(Collected data entries)
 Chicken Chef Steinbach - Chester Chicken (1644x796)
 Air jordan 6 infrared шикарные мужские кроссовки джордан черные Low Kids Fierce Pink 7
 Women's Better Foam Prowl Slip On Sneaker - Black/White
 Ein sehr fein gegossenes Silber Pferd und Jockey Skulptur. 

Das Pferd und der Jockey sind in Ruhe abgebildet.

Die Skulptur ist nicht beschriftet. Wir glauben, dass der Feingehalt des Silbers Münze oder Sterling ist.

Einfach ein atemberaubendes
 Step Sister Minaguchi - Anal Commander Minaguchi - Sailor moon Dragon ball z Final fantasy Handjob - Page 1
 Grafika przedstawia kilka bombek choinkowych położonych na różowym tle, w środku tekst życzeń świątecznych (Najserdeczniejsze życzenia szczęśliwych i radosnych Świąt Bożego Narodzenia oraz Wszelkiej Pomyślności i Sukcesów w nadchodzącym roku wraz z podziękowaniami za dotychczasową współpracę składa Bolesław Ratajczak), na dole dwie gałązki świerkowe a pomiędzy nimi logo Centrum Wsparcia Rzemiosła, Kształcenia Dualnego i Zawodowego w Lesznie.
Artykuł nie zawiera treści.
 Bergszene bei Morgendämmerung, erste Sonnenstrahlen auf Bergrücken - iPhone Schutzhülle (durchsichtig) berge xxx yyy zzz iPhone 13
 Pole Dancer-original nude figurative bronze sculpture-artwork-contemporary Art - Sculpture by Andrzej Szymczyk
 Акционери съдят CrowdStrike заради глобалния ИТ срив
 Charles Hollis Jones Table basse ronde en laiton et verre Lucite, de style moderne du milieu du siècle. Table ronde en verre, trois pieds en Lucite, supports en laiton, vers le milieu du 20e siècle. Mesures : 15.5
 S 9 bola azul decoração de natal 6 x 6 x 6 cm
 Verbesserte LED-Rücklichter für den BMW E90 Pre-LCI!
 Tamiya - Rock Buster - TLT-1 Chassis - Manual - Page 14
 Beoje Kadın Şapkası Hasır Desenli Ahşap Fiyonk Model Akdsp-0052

● **Problem requirements**:
For each line in the records that holds "Pferd", show that line as it stands.

● **Response to this task**:
 Ein sehr fein gegossenes Silber Pferd und Jockey Skulptur. 
Das Pferd und der Jockey sind in Ruhe abgebildet.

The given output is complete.